Affirmant que la retenue salariale mise en 'uvre avait pour but de lui appliquer une sanction illicite, et que dès lors, la SA La Poste lui a causé un préjudice moral en ce qu’elle a violé les principes applicables en matière de grève et porté atteinte au droit de grève constitution-nellement garanti, Mme [U] sollicite l’infirmation du jugement déféré en ce qu’il l’a déboutée de la demande indemnitaire qu’elle forme de ce chef.
C’est vainement que la SA La Poste réplique sur ce point que la salariée n’apporte la preuve d’aucun préjudice alors que l’entrave à l’exercice du droit de grève, résultant de la retenue illicite, n’a pu que lui causer un préjudice moral. Le conseil de prud’hommes a donc débouté à tort la salariée de la demande qu’elle forme de ce chef, de sorte que le jugement est infirmé sur ce point.
Cependant, Mme [U] ne fait pas suivre, dans le dispositif de ses conclusions, sa prétention relative à l’infirmation du jugement sur ce point d’une demande de condamnation de l’employeur à lui payer une somme en réparation de son préjudice moral. Il en résulte que la cour ne statuant,
Arrêt du 21 mars 2025 – page 5
en application de l’article 954 du code de procédure civile, dans sa version applicable au litige, que sur les prétentions énoncées au dispositif, il y a lieu de constater qu’elle n’est saisie d’aucune demande permettant la condamnation de l’employeur de ce chef.

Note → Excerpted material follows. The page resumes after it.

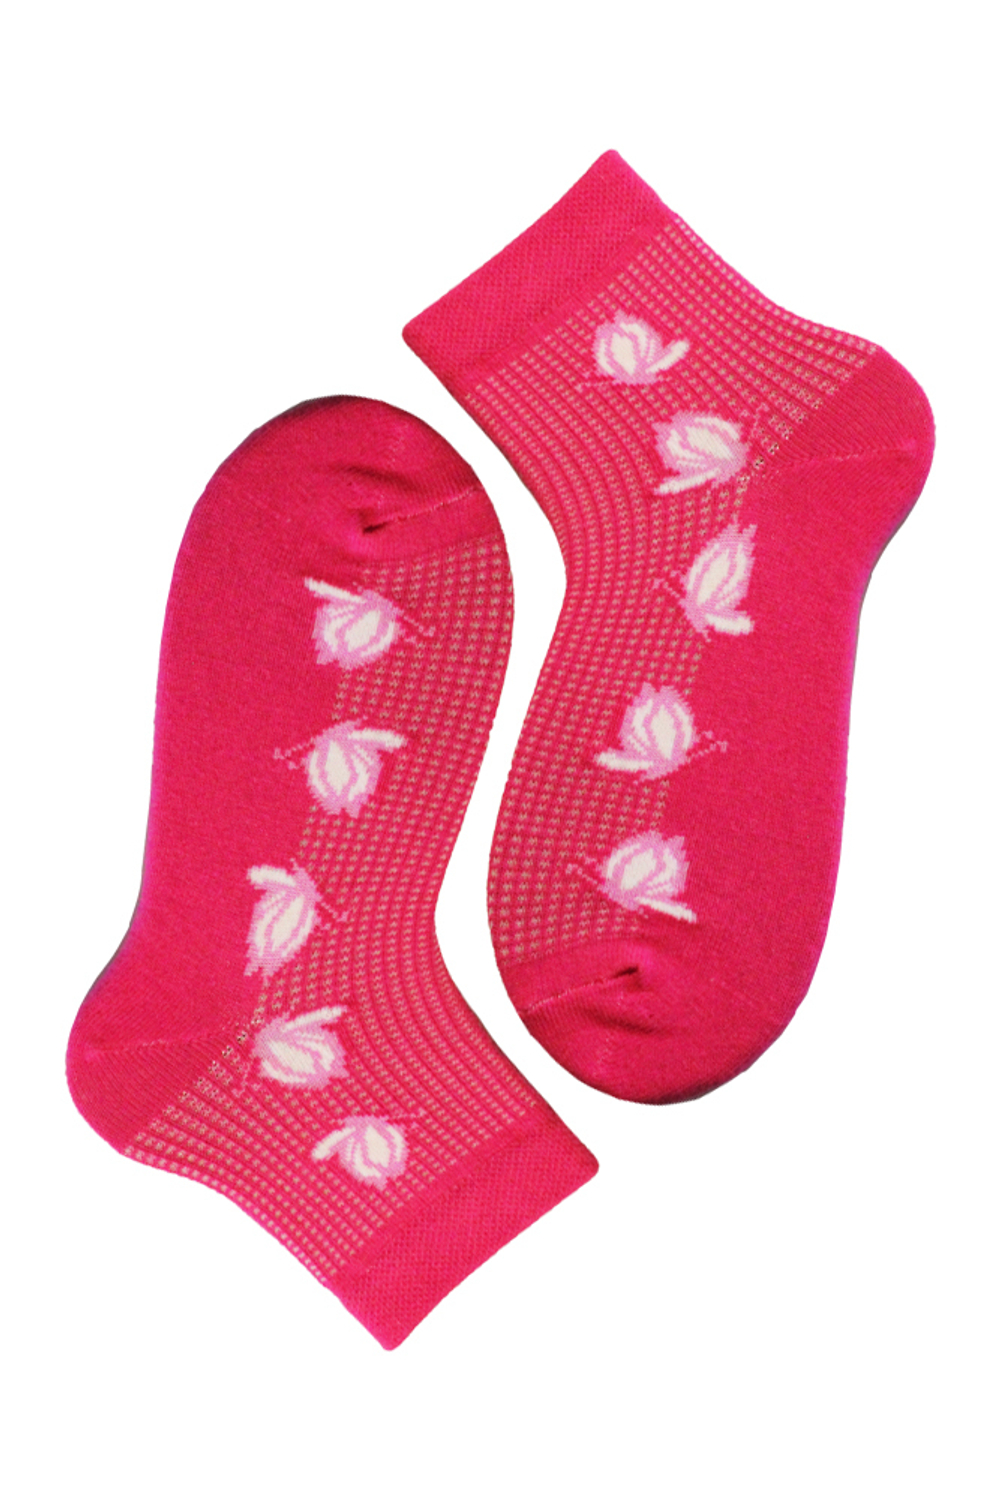 Носки детские для девочки (эффект ажура)
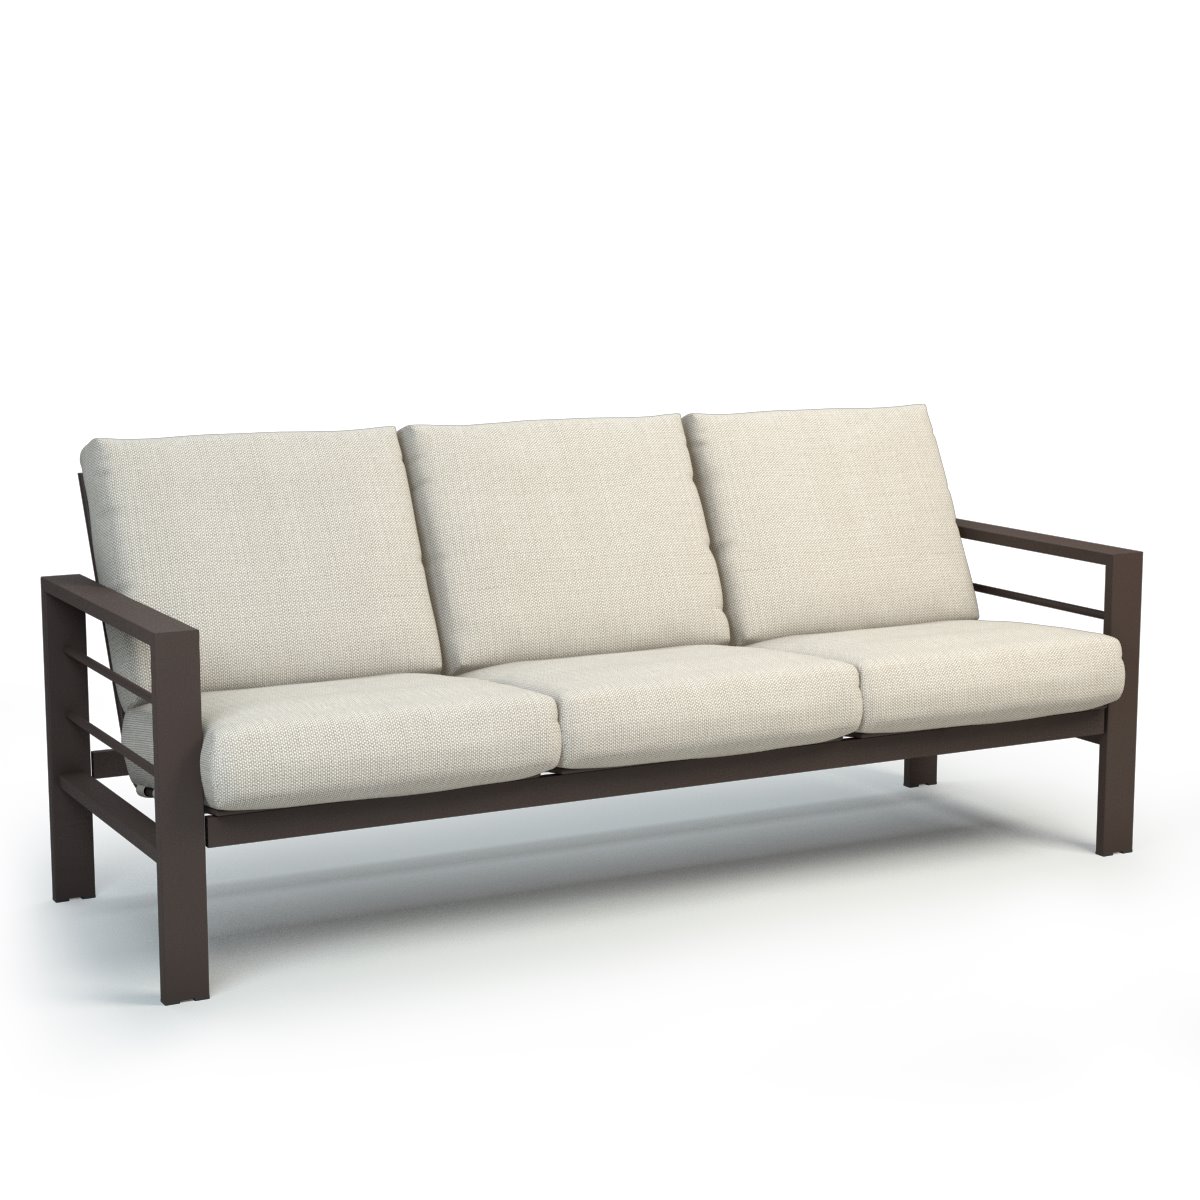 Homecrest Sutton Cushion Sofa - 4543A

3) Sur la remise d’un bulletin de salaire conforme, les dépens et les frais irrépétibles :
Compte tenu de ce qui précède, la demande visant à la remise d’un bulletin de salaire conforme pour le mois de juillet 2022 est fondée sans qu’il y ait lieu de prévoir une astreinte. La SA La Poste ayant bénéficié d’un délai depuis la saisine de la juridiction prud’homale, il n’y a pas lieu de lui accorder le délai d’un mois supplémentaire qu’elle sollicite.
La SA La Poste qui succombe sera condamnée aux dépens et déboutée en conséquence de sa demande d’indemnité de procédure.
Mme [U] réclamant l’infirmation du jugement en ce qu’il lui a alloué la somme de 500 euros pour ses frais irrépétibles sans demander la condamnation de l’employeur à une somme précise, cette demande ne peut prospérer.
PAR CES MOTIFS :
La cour, statuant par arrêt contradictoire prononcé par mise à disposition du greffe :
CONFIRME le jugement déféré en ce qu’il a condamné la SA La Poste à payer à Mme [Y] [U] la somme de 69,52 euros au titre de la retenue sur salaire opérée au titre du dimanche 19 juin 2022, en ce qu’il a ordonné à la SA La Poste de remettre à la salariée un bulletin de paie conforme pour le mois de juillet 2022, a débouté la SA La Poste de sa demande d’indemnité de procédure et l’a condamnée aux dépens ;
L’INFIRME en ce qu’il a débouté la salariée de sa demande en paiement de dommages-intérêts pour préjudice moral résultant d’une retenue illicite ;
STATUANT À NOUVEAU DU CHEF INFIRMÉ et Y AJOUTANT :
CONSTATE qu’elle n’est saisie d’aucune demande visant à la condamnation de la SA La Poste à payer à la salariée des dommages-intérêts pour préjudice moral résultant d’une retenue illicite ;
DIT n’y avoir lieu d’accorder à la SA La Poste un délai supplémentaire pour remettre à la salariée un bulletin de paie conforme pour le mois de juillet 2022 ;
DÉBOUTE Mme [U] de sa demande d’indemnité de procédure ;
CONDAMNE la SA La Poste aux dépens d’appel et la déboute de sa propre demande pour ses frais irrépétibles.
Ainsi fait, jugé et prononcé les jour, mois et an que dessus ;
En foi de quoi, la minute du présent arrêt a été signée par Mme VIOCHE, présidente de chambre, et Mme DELPLACE, greffière à laquelle la minute a été remise par le magistrat signataire.